From: "Denis V. Lunev" <den@openvz.org>
To: Peter Lieven <pl@kamp.de>
Cc: Kevin Wolf <kwolf@redhat.com>,
qemu-devel@nongnu.org, Stefan Hajnoczi <stefanha@redhat.com>
Subject: Re: [Qemu-devel] [PATCH 1/8] block: prepare bdrv_co_do_write_zeroes to deal with large bl.max_write_zeroes
Date: Mon, 5 Jan 2015 14:06:10 +0300 [thread overview]
Message-ID: <54AA7022.2030304@openvz.org> (raw)

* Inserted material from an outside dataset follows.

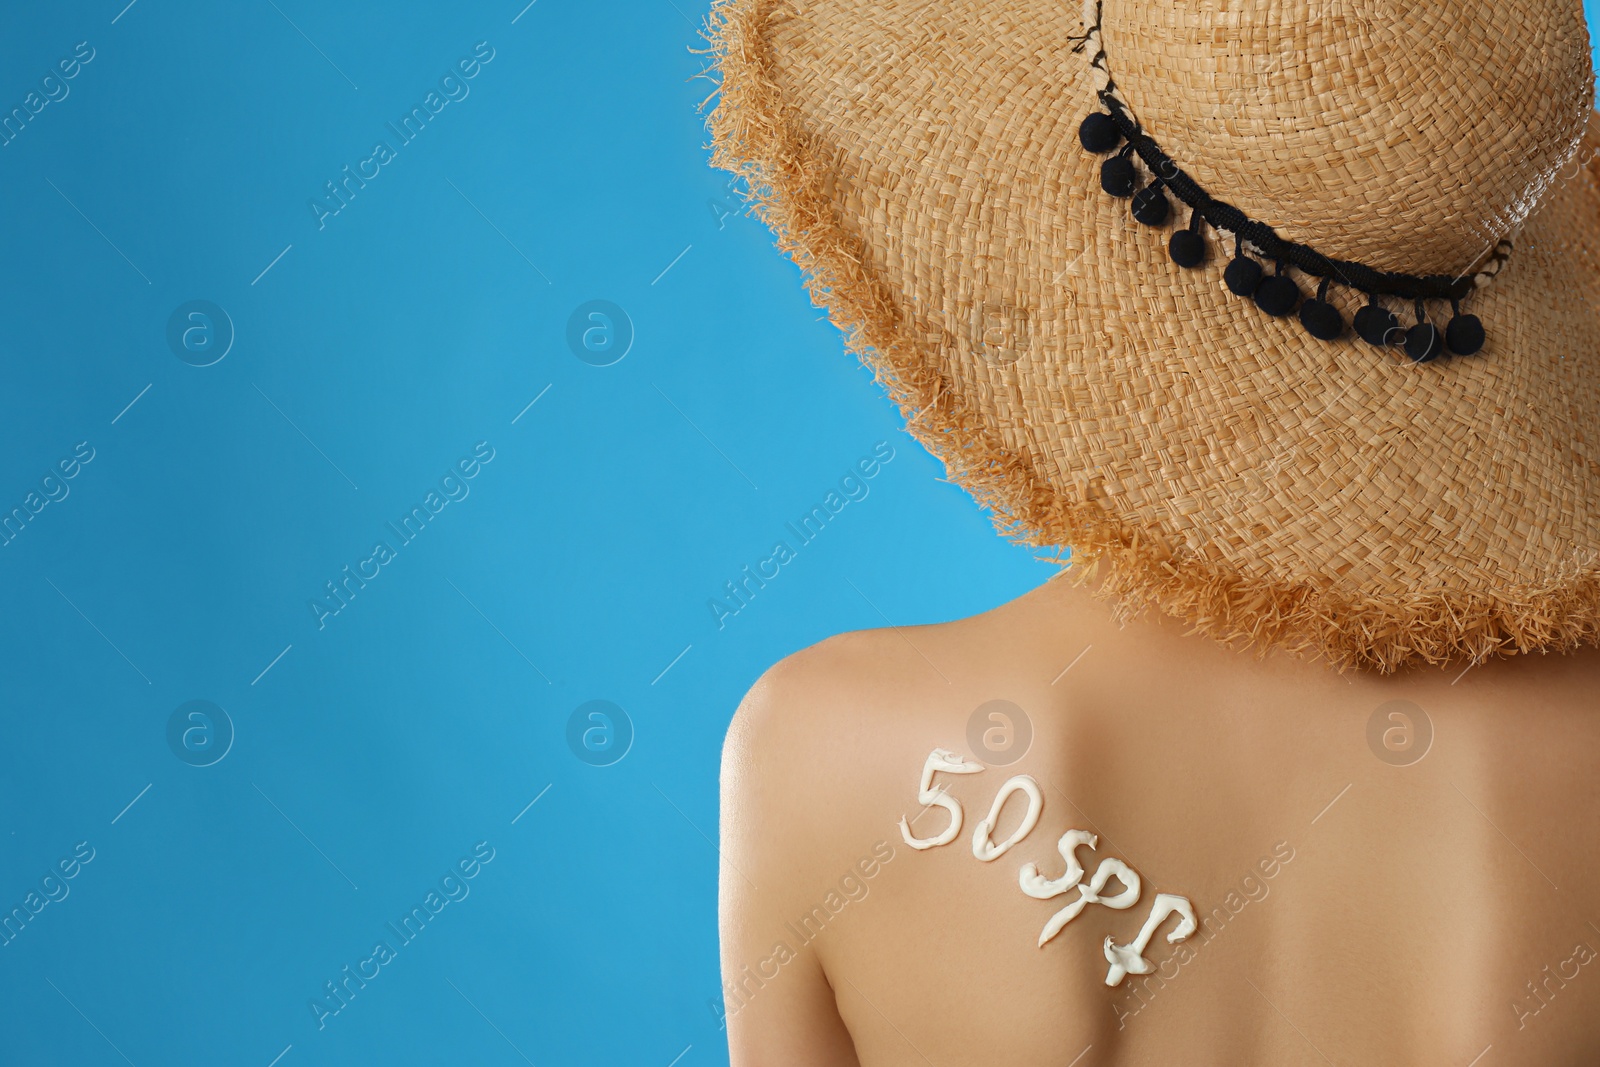 Photo of 50 SPF written with sun protection cream on woman's back against light blue background. Space for text

In-Reply-To: <54AA3E84.8080003@kamp.de>
On 05/01/15 10:34, Peter Lieven wrote:
> On 30.12.2014 10:20, Denis V. Lunev wrote:
>> bdrv_co_do_write_zeroes split writes using bl.max_write_zeroes or
>> 16 MiB as a chunk size. This is implemented in this way to tolerate
>> buggy block backends which do not accept too big requests.
>>
>> Though if the bdrv_co_write_zeroes callback is not good enough, we
>> fallback to write data explicitely using bdrv_co_writev and we
>> create buffer to accomodate zeroes inside. The size of this buffer
>> is the size of the chunk. Thus if the underlying layer will have
>> bl.max_write_zeroes high enough, f.e. 4 GiB, the allocation can fail.
>>
>> Actually, there is no need to allocate such a big amount of memory.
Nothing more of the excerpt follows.